Anyways, I was relistening to Ken Griffin’s Stanford talk and at 5:31 he said something I completely missed the first time through.
Q: I want to hear more about some setbacks you faced scaling Citadel
Ken: Actually, I’m not going to answer that question. I think what’s more interesting is how you actually build the business… What I’ve learned is we spend way too much time analyzing what goes wrong rather than thinking about what goes right. “What goes right” is the flywheel that is going to drive your business… you need to focus on what you nailed… whereas if you focus your time on the “no”s you aren’t focusing on what it takes to win.
Hang on. Is Ken Griffin, the cut throat quant savant, a self-affirming, visualizing hippie? What if self-kindness doesn’t mean less pressure, but reframing focus to what went right and the next steps for improving those wins. Life is all about simplifying complex problems. What’s the simplest way to become a winner? Win. So it follows that my focus should be on studying how I’ve won and how to build on the win % without caring about the absolute level it’s at for now.
So, what have I nailed?
1. Fostered my passion
Simple. I’ve loved learning about beating markets and haven’t lost my eagerness to continue.
2. Learned from others
During COVID I mapped out who followed / interacted with who and seemed to be sharing good ideas to curate a following list I could scroll for hours with and absorb the thought processes
Read 10-ks, VIC posts, threads, and interviews aggressively to see more at bats
Posted my own ideas to the blog (and a lot of drafts that never made it out of DMs) and entered undergrad stock pitch competitions to get reps; quality has definitely improved and the ideas have generally been successful + won 3rd and prize money at Cornell’s
Took the Fundamental Edge course to accelerate my development and am studying for August CFA right now
3. Getting physically in front of people to make personal connections
Trips to NYC to meet people and hustling Markel / Berkshire; at BRK I recognized Krish & Nikhil from their Sohn pitch and chased them down to introduce myself. They said I was the only person to recognize them from it.

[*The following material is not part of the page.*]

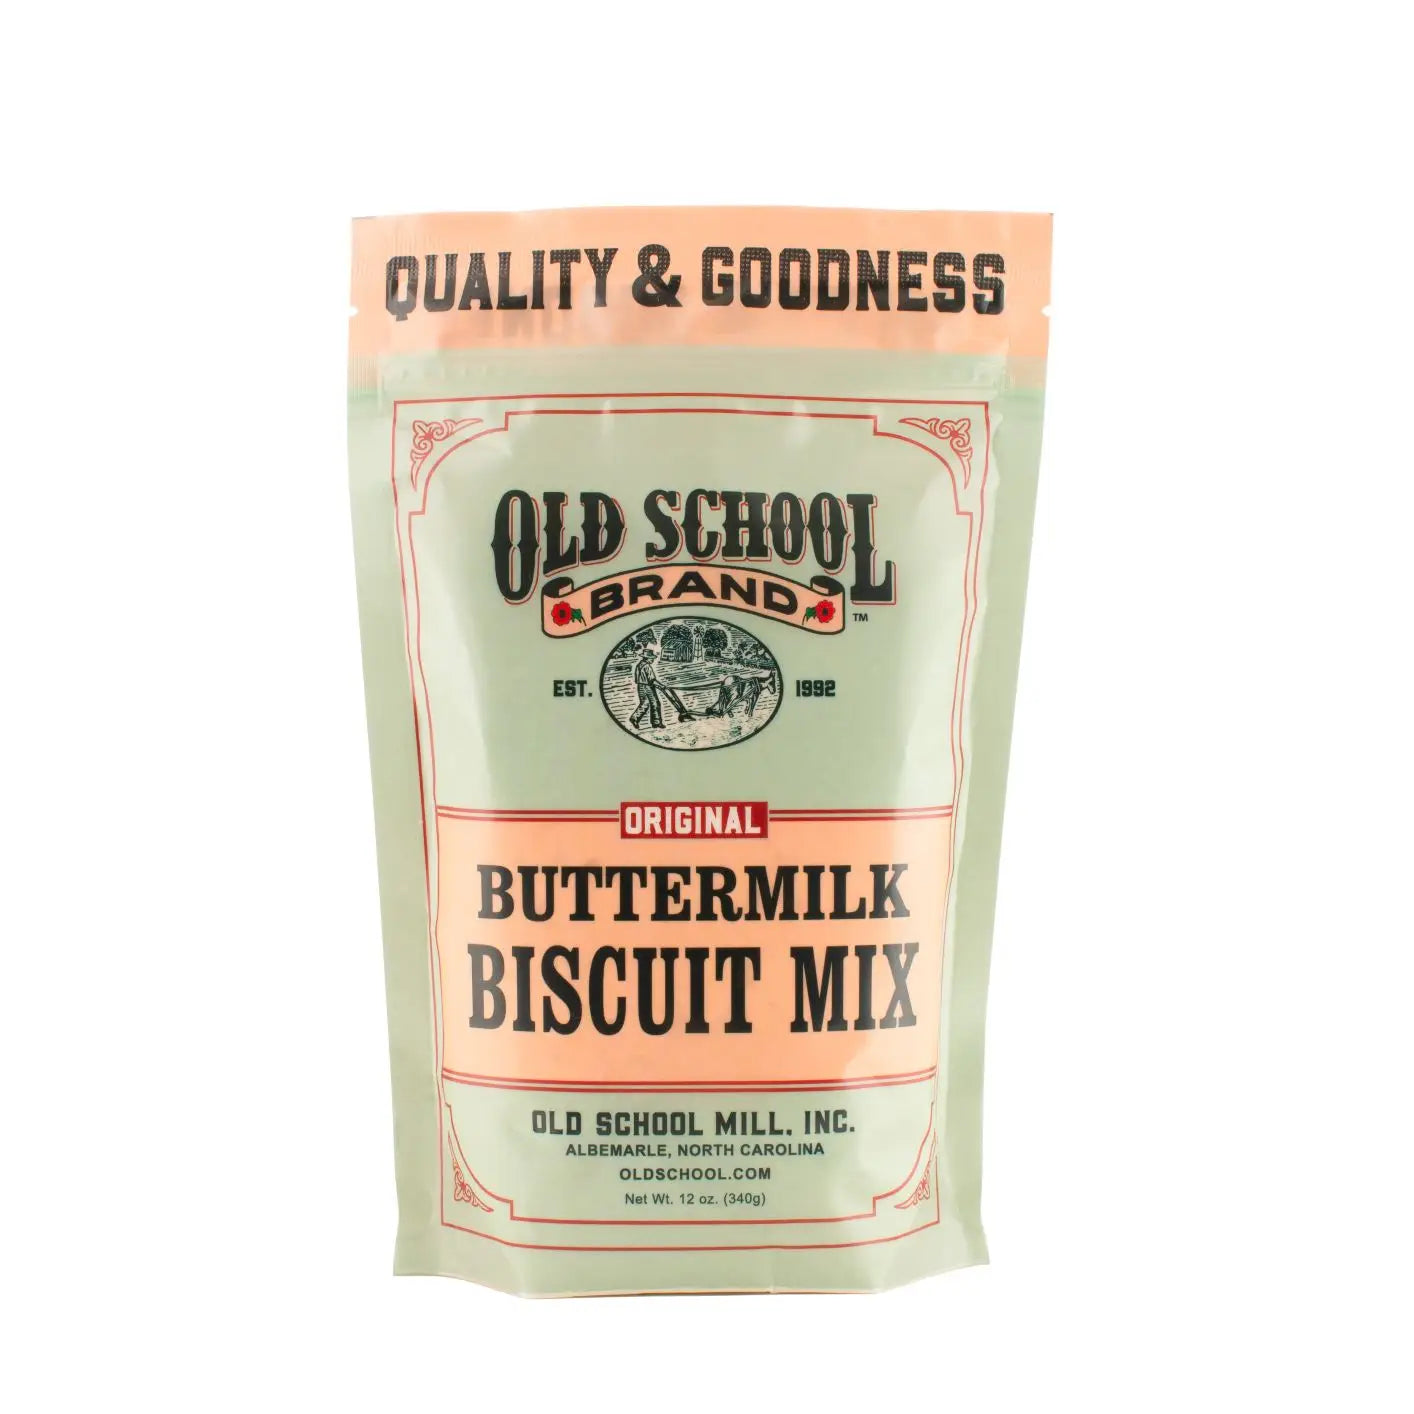 Buttermilk biscuit Mix

Went to ICR and convinced David at Kingdom to meet me before. Brewster had left but had forgotten a pillow for his shoulder surgery at his hotel so I rented a car, moved my flight back, and drove the few hours to deliver it to his place to meet him, parlayed that into some introductions with his buddies
Literally yesterday I rented a car and drove ~5 hours to catch up with a mentor I met at BRK after my family’s Memorial Day vacation
I’ve also gotten much better at picking up the phone and cold calling or cold DMing people even outside of the investment industry to continually learn more and make more connections
4. Gritty-ness
I haven’t let the setbacks or detours kill my passion, stop me from growing my network, or working on my process. I may not have responded optimally, but it hasn’t put an absolute stop to my wins and I’m accelerating out of the hole. Won’t get into too much detail on a public blog about this.
Sorry for the lame hype up at the end, felt like it would be good for me to get it onto paper and decided to keep it in the post because why not.

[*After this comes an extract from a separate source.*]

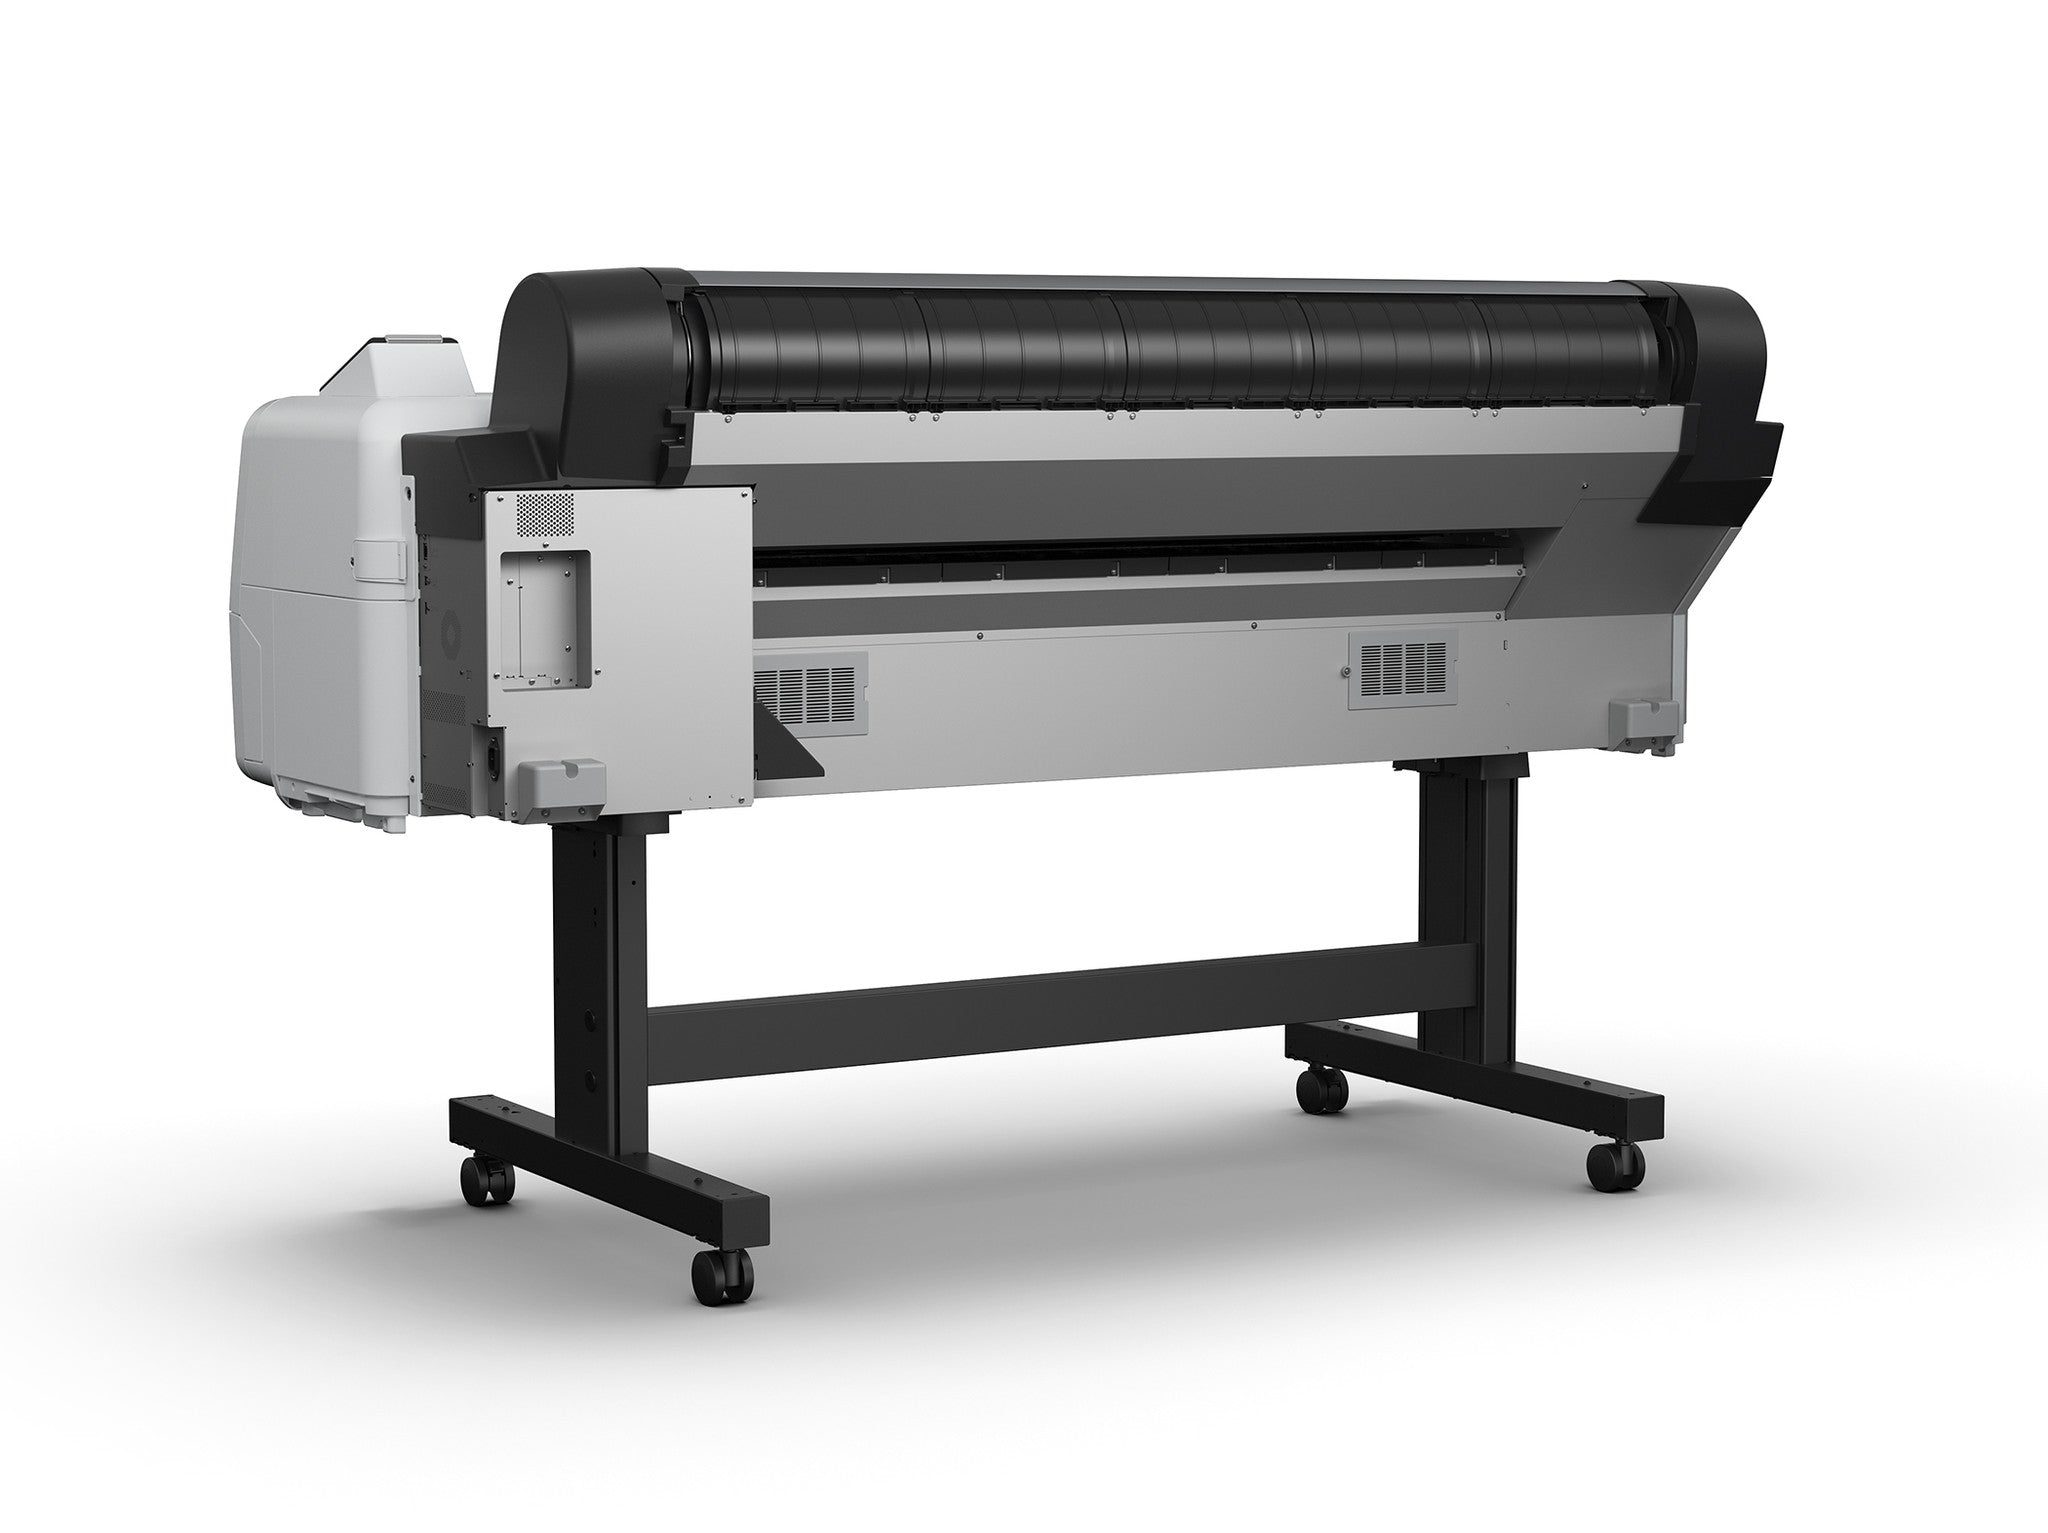 Epson SureColor P10000 44” Wide Format Printer, printers large format, Epson - Pictureline  - 2

Anyways, I also read this really good post the other day by Thomas and I wholeheartedly agree (and consciously know) that the mistakes are the tuition and so I need to keep making them as well as I can. My biggest frustration is that I’ve felt like I’m learning from them far too slowly, but focusing on the wins should help me work through the discouragement from that.
I’ve attached my notes on Ken Griffin & Neil Mehta’s recent interviews & profiles as I found a lot of similarities between them.
Ken Griffin (Citadel) Notes
Grit / Mindset
“Things may come to those who wait, but only those things left by those who hustle” - Lincoln
Dead serious when telling the interviewer that View From the Top should be View From the Climb; he wanted to do PE originally, joked that he hasn’t done what he set out to do. He has not done what he will be remembered for yet
Ken spends a lot of time studying firms that had accidents to study what went wrong. Costs money to learn (tuition isn’t free, losses are always to be thought as of tuition) but doesn’t mean you need to always be the one paying it!
Tuition bill is the wins and losses; nobody in the room is more wrong than him.
Mentorship / Team
Mentors are everything. American culture is cross-generationally kind & generous; always surround yourself with people who r better than you
“Forge your way through hell. Never give up, when you are going through hell make sure you push your decision making to people you can trust to stay level headed”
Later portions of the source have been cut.